Raphael fait partie de la « vieille école » : « Avant, on avait juste des plans des Américains et on se débrouillait avec des normes qui n’étaient pas européennes. On avait du mal à trouver des pièces. Depuis une dizaine d’années, elles sont plus facilement disponibles. » Il construit son premier R2 en bois mais n’anticipe pas les contraintes mécaniques des articulations : « Il a embrassé le sol et j’ai vu des années de travail bêtement s’effondrer… Ça fait partie du challenge ! »

Plus anachronique, un membre a choisi de faire son robot en ferronerie d’art. Mais que ce soit en bois, en résine, en aluminium, peu importe le matériau privilégié, il faut bien compter un ou deux ans minimum pour obtenir un robot complet. Cela dépend aussi des machines que vous avez à disposition.

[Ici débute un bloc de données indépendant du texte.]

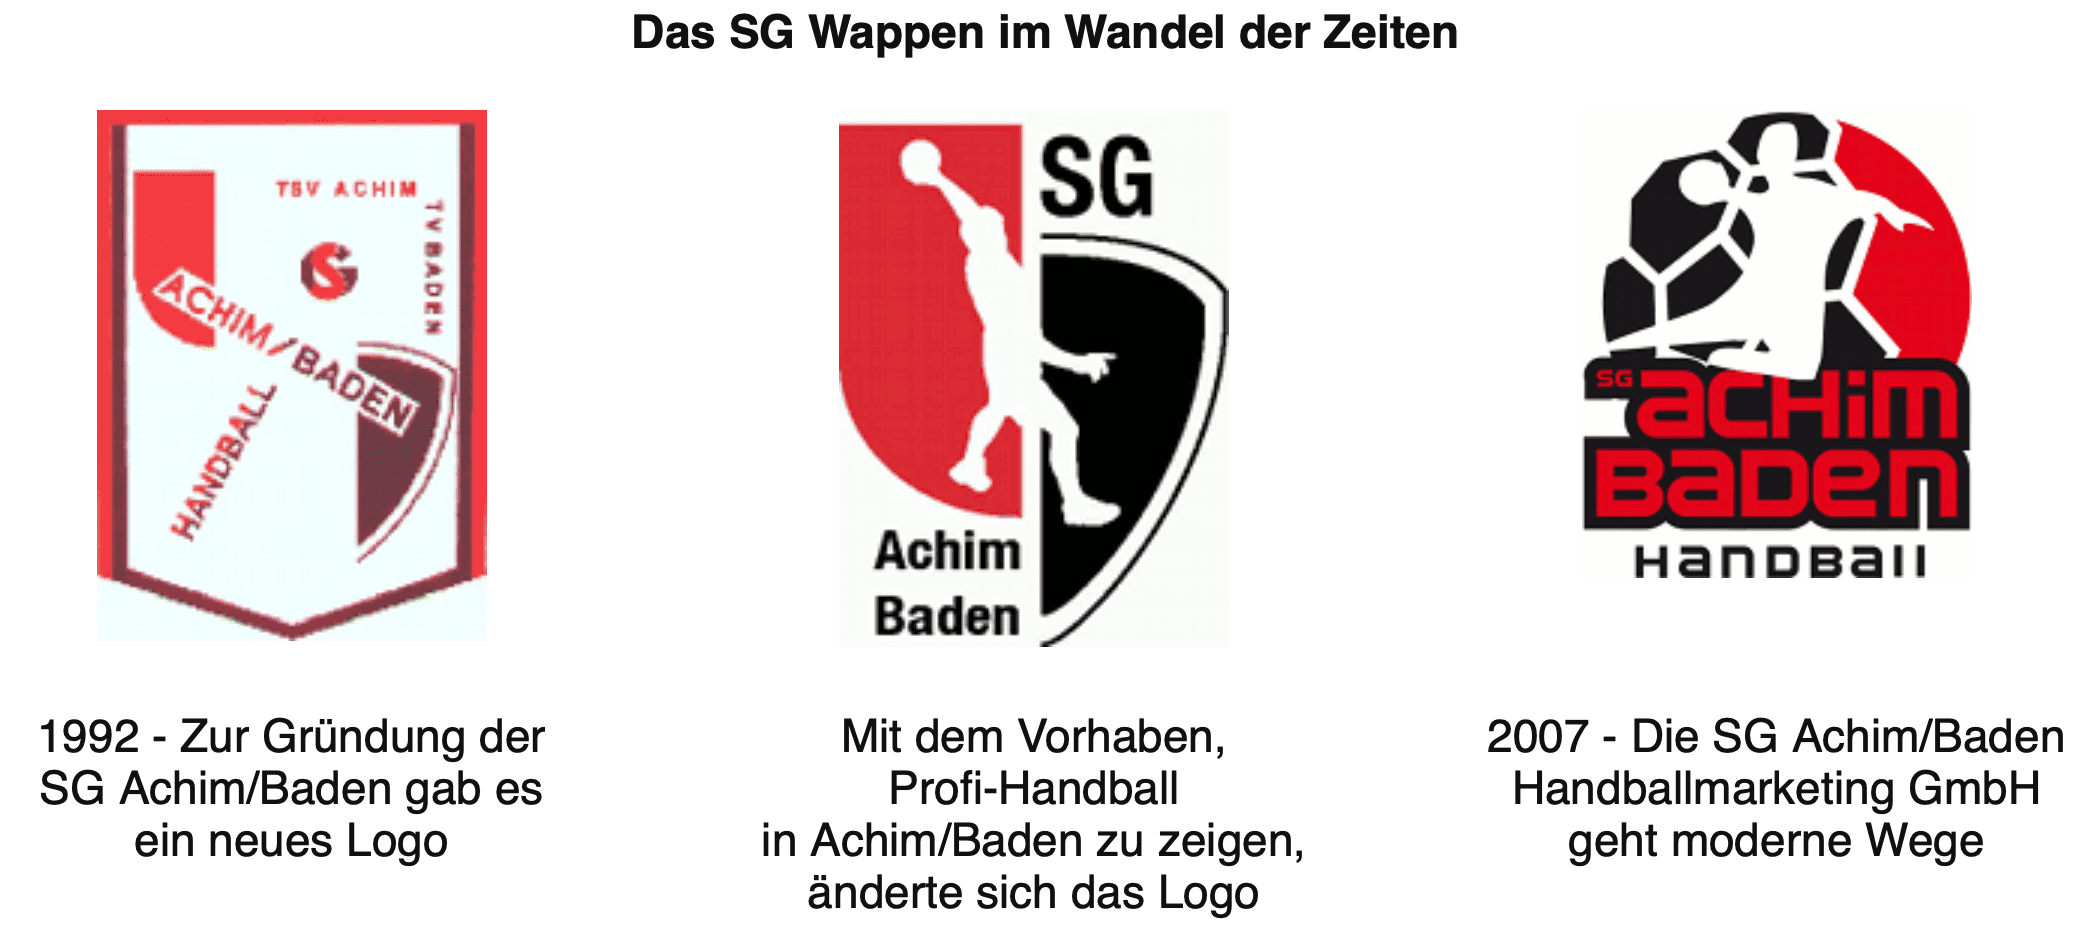 Die Wappern der SG Achim/Baden
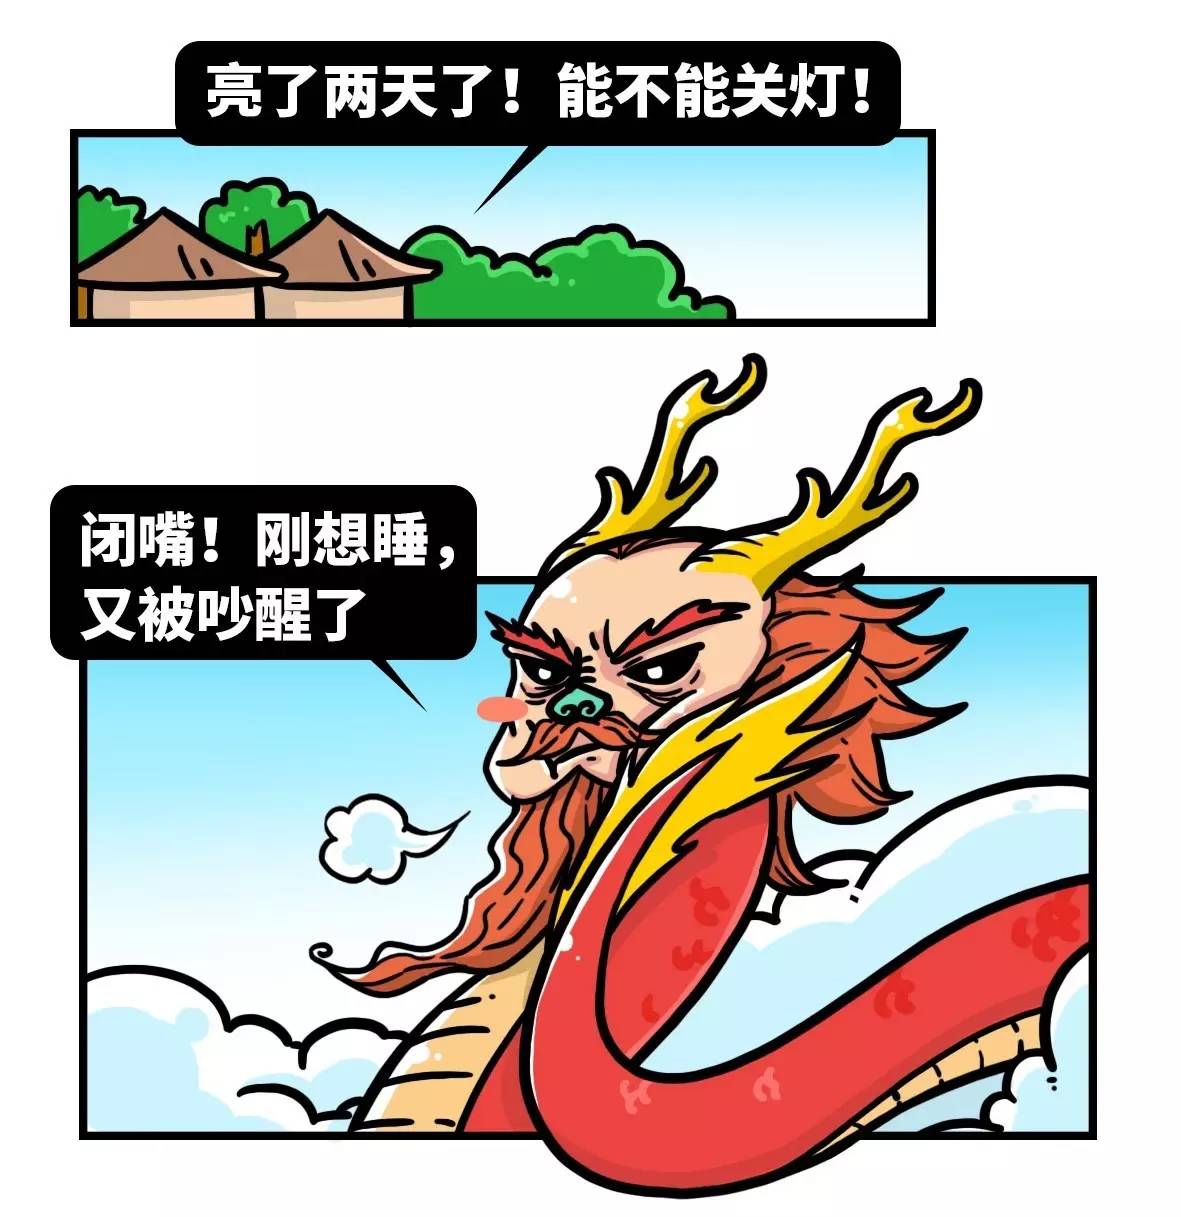 为什么中国人自称是龙的传人

Le club français compte aujourd’hui une vingtaine de « roulants » (certains sont statiques).

Comptez un ou deux ans minimum pour obtenir un robot complet

Ce qui révolutionne la construction c’est surtout l’arrivée de l’imprimante 3D. « On a quelqu’un qui en a une, il fait tous les tests pour nous et ensuite quand il les a faits, on pourra acheter nos pièces. C’est vraiment une évolution du matériel. L’imprimante 3D amène une nouvelle conception des robots. Avant on faisait un squelette, un cercle et des pattes. Là c’est complètement différent. » Ce « quelqu’un » dont Raphael parle, c’est Sylvain qui s’est lancé comme défi de construire un R6. Sa plus petite imprimante est calée dans un coin de son salon, la « grosse », elle, est pour l’instant sur la table de la salle à manger, pas encore finie.

« J’ai voulu commencer par le corps, au niveau de l’impression 3D ça permet de faire des pièces aux dimensions que l’imprimante que j’ai achetée est capable d’imprimer (de 20cm de côté) donc je ne pouvais pas imprimer des pièces d’un bloc. Pour pallier ce problème, je suis en train de monter une grosse imprimante à partir de plans existants sur internet qui permettra d’imprimer des pièces de 55cm de côté. Je l’ai modifiée pour l’élargir encore plus pour en faire ce dont j’ai besoin. »

L’impression 3D représente un gain de temps considérable et permet à Sylvain de lancer le travail et s’absenter : « Je gagne énormément en poids et après c’est commandé avec une petite manette de X-box. J’ai mon collègue qui le fait avec une manette de PS2. » Les constructeurs de droïdes sont des bricoleurs et bidouilleurs qui n’hésitent pas à utiliser des objets du quotidien comme une manette de console pour le diriger, un luminaire IKEA pour faire le dôme du R2 ou un monnayeur de jeu d’arcade (comme sur l’original).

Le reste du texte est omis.